A protégé of the legendary Gordon Sinclair (of Gordon) and Jean Banchet (of Le Francais), Carrie Nahabedian entered the restaurant industry at 17 when most of her friends were lying on the beach. Starting off as a cook for Chicago’s Ritz-Carlton hotel, Nahabedian quickly rose through the industry ranks, eventually mastering fine dining in both the hotel setting and at such iconic Chicago restaurants as Le Perroquet, Le Francais and Sinclair’s. She later ran the fine dining for the Four Seasons in Chicago and in Santa Barbara, earning numerous accolades along the way. Her return to the Windy City in 2000 led to the opening of Naha, a three-star, sophisticated eatery in the former Gordon space in the River North neighborhood. With a menu inspired by her Armenian roots; support of small, local farms; contemporary American approach; and fine dining background, Nahabedian and co-owner/brother Michael Nahabedian earned several James Beard award nominations, winning Best Chef Great Lakes in 2008. On September 22, 2009, Carrie Nahabedian was inducted into the Chicago Culinary Museum and Chefs Hall of Fame with Mayor Richard M. Daley declaring that day as “Carrie Nahabedian Day in Chicago.” She has also served as a longstanding board member of Green City Market, Chicago’s largest farmer’s market.
FE&S: What advice would you give aspiring chefs?
Carrie Nahabedian: I was always taught to ”stay true to your school.“ No matter what kind of cuisine you make, it is important to understand and honor the tradition of that cuisine. If you take any shortcuts or make extreme deviations, the food just isn't as good. But more importantly, I would tell young chefs to act like a big sponge and get as much experience as you can — the chef is going to get everything they can out of you, so you should take the opportunity to get everything you can from them.
FE&S: Let’s talk food. What is your quintessential summertime dish?
Carrie Nahabedian: Fried chicken, cole slaw, corn on the cob. Pulled pork with sweet barbecue sauce, grilled shish kebab with onions and peppers on pita.

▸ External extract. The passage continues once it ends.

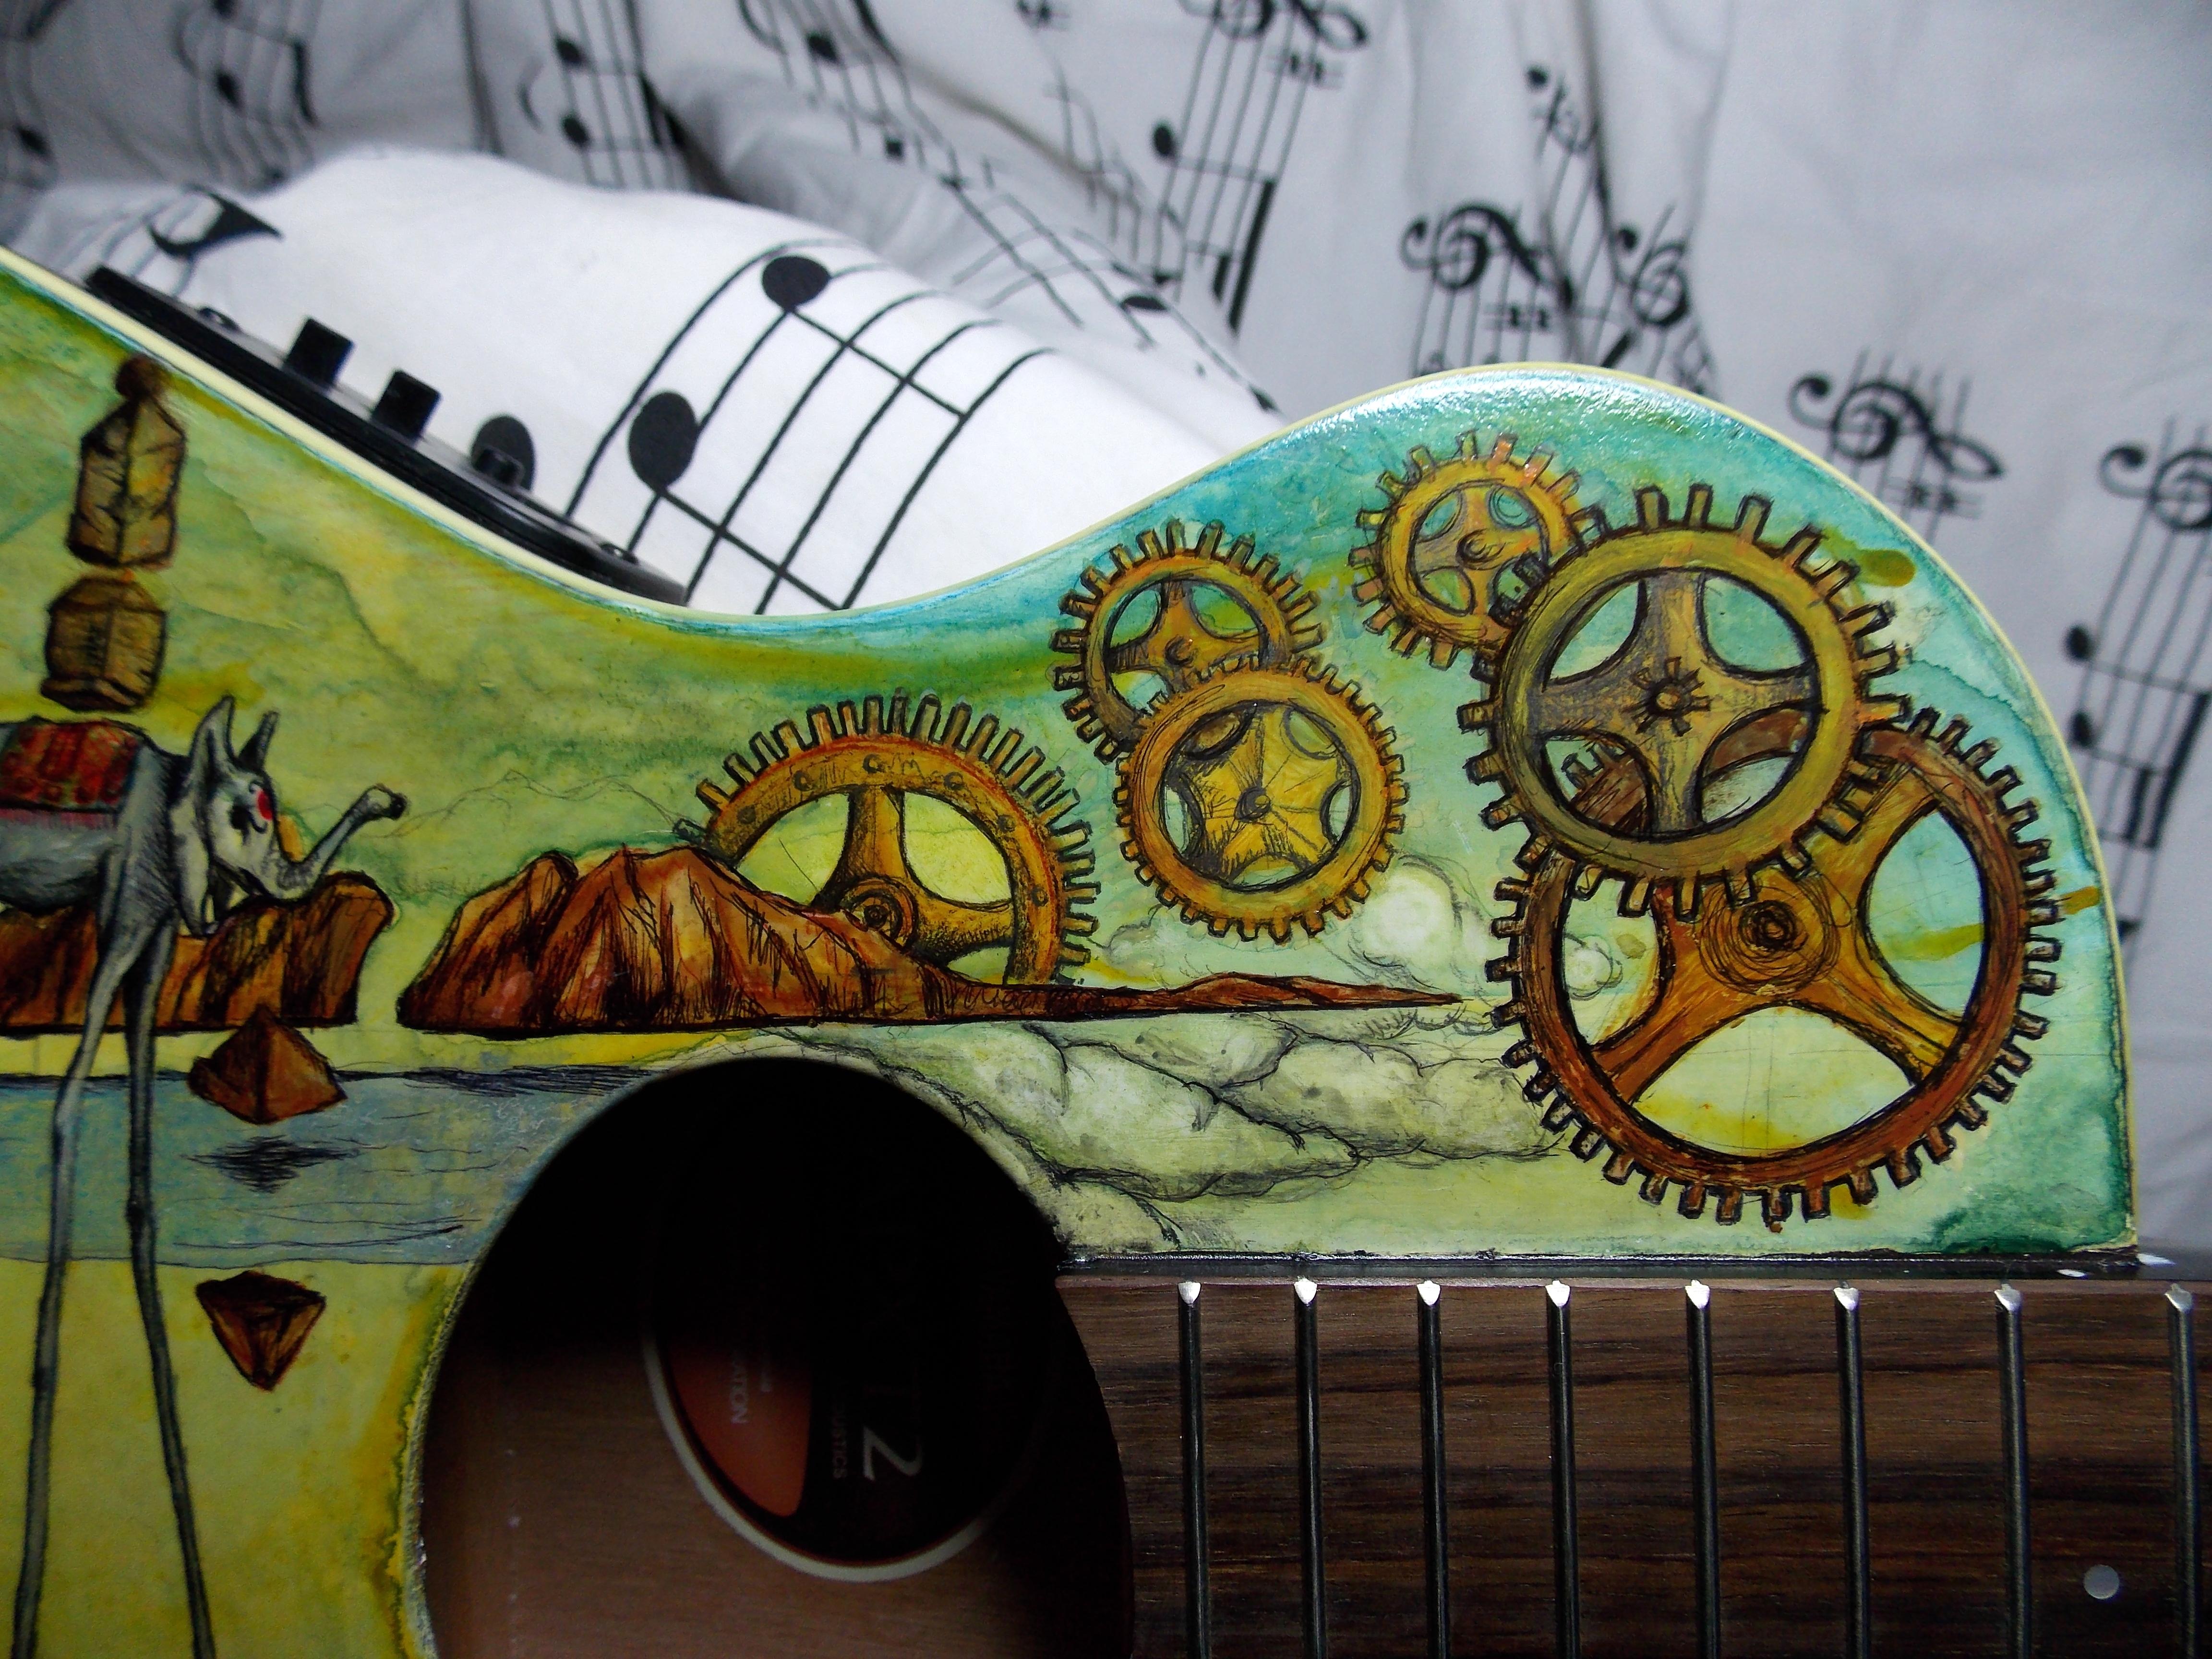 Dali guitar detail

At Naha, I love serving crisp soft shell crabs with a salad of sweet corn, slab bacon, basil, summer tomatoes and radishes.

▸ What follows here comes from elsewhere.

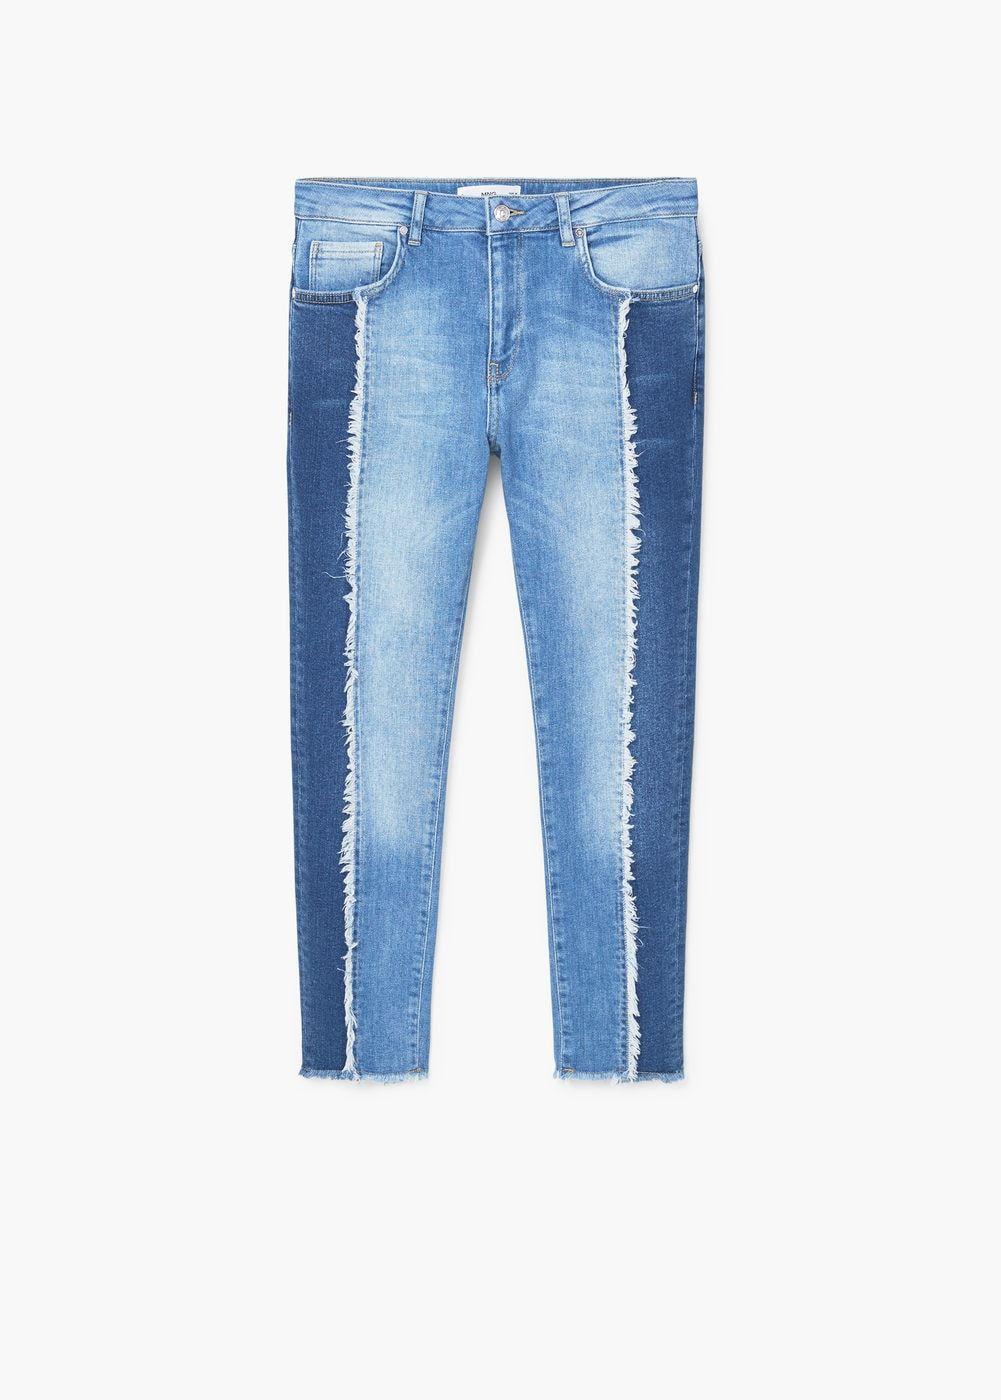 650866f6231 Jeans relaxed crop contrast - Mujer en 2019 | Proyectos que intentar ...

FE&S: What is your quintessential food and wine pairing?
Carrie Nahabedian: Champagne and oysters or white burgundy French wine with a nice buttery brioche-crusted halibut alongside fois gras and sauternes!
FE&S: If you were to pick a favorite cookbook by another chef, what would you pick?

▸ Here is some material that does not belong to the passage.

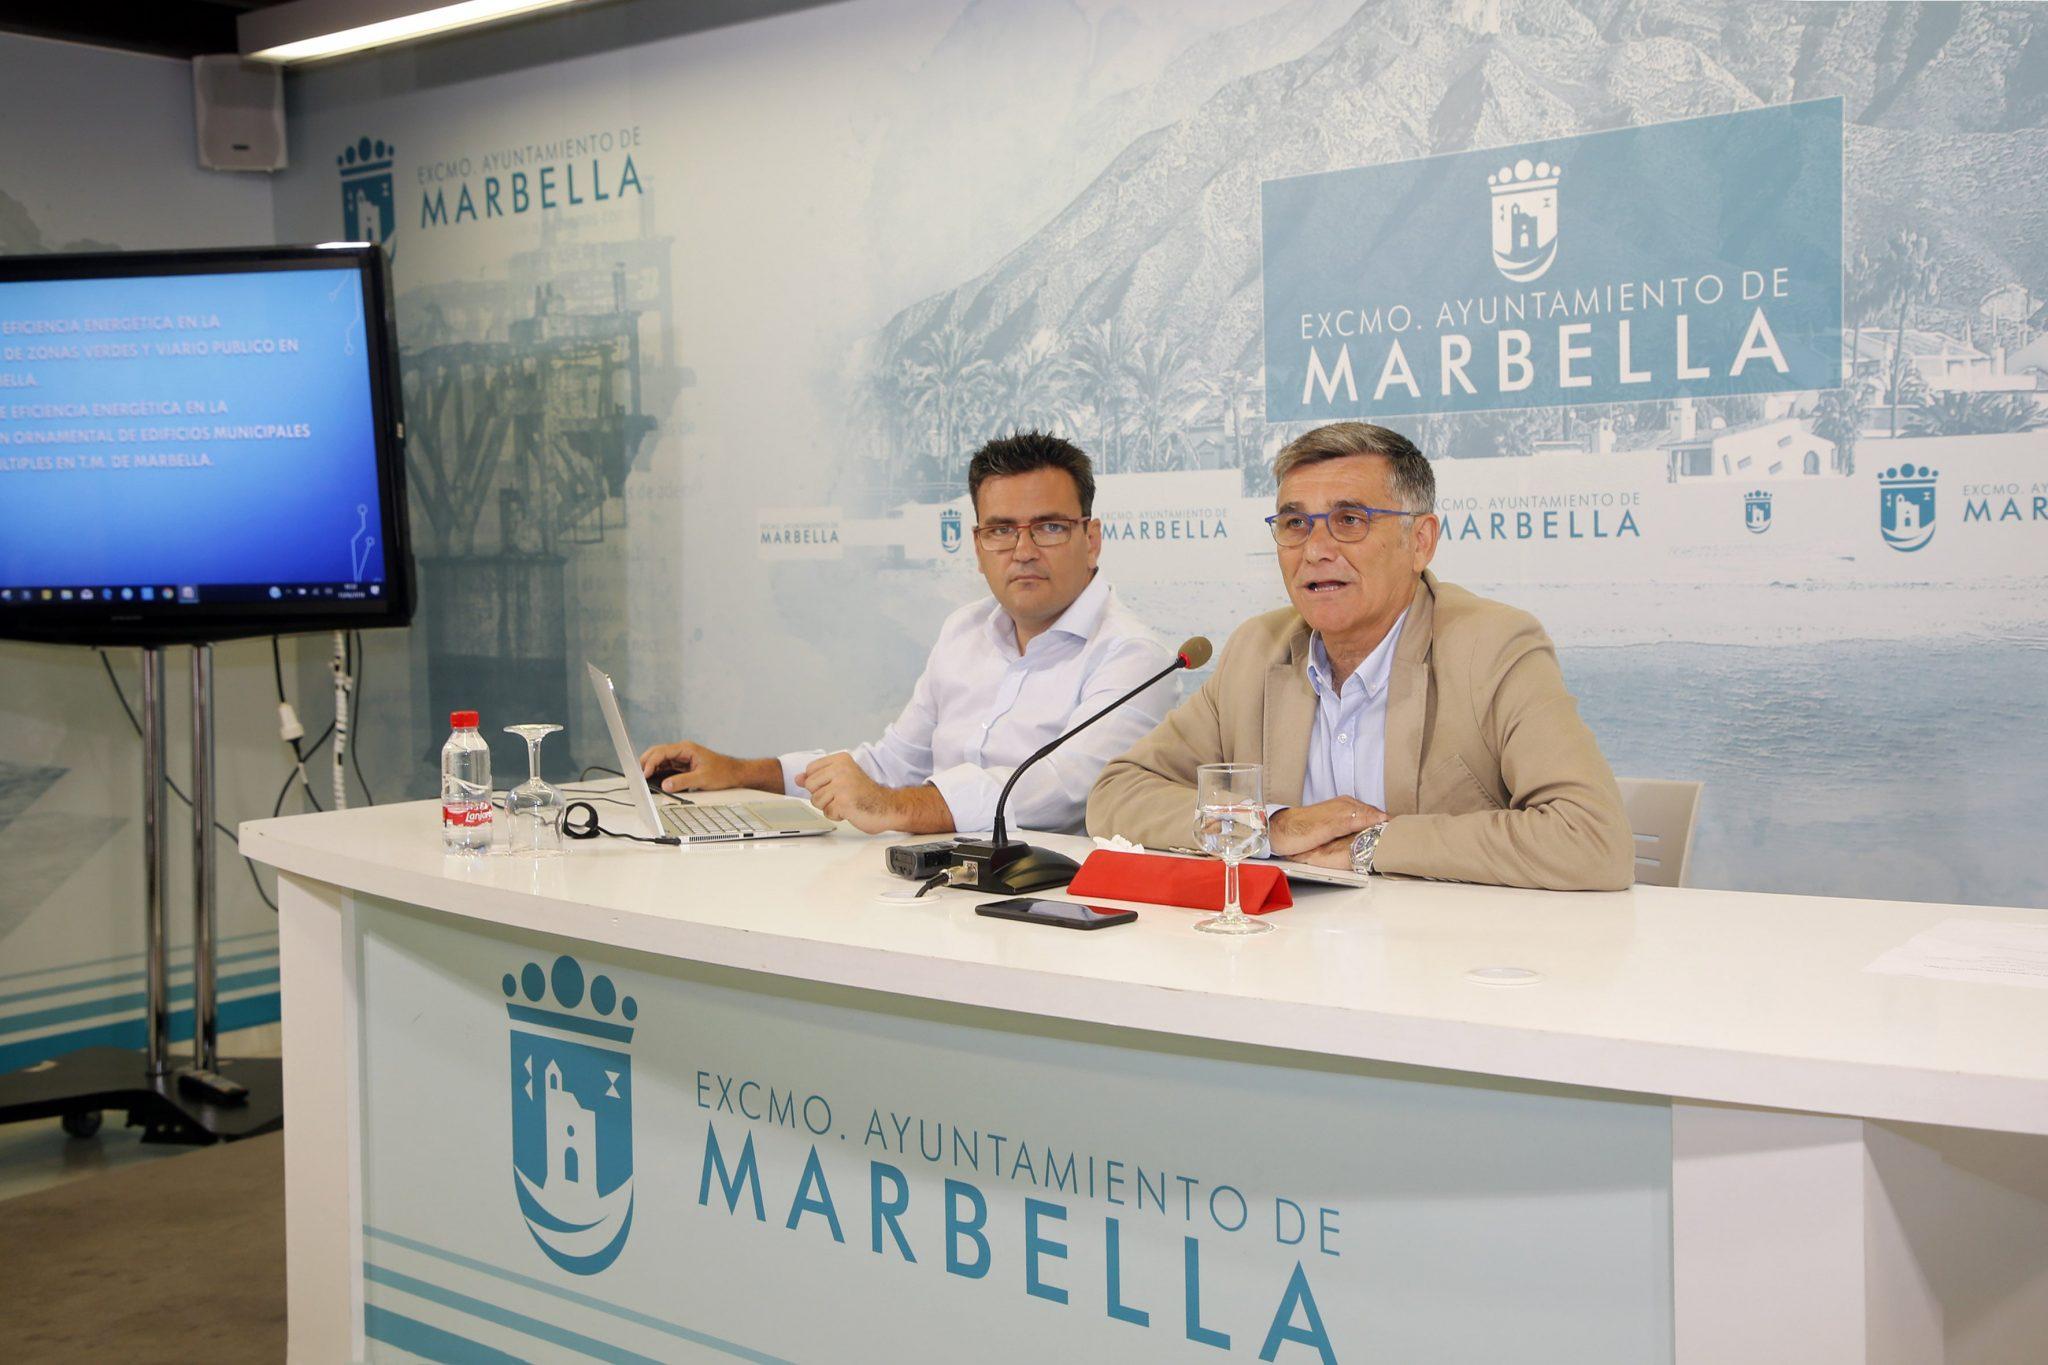 Marbella destacará los edificios y zonas más emblemáticas con dos proyectos de iluminación ornamental

Carrie Nahabedian: I like the way David Chang wrote his book, especially the chapter on making it happen and putting everything on the line for your restaurant. I have a very serious cookbook collection and well over half are autographed. Also, I have a big collection of older cookbooks from earlier in the 20th century.
FE&S: Do you have a favorite food-related movie?
Carrie Nahabedian: Babette's Feast — I love the excessiveness of it all. The banquet scene in The Girl with the Pearl Earring is pretty impressive as well.
FE&S: When you are feeling in a cooking rut, what inspires you?
Carrie Nahabedian: Winter can have that effect on people...the drab weather, lack of sun, up and down weather reports. But, cooking is a journey and in a journey sometimes you need a vacation to energize you! My favorite is to do an unexpected massive menu change to shake things up. At Naha, we change the menus a couple times a week already, but sometimes we make changes with little notice...it’s perfect for that time of year.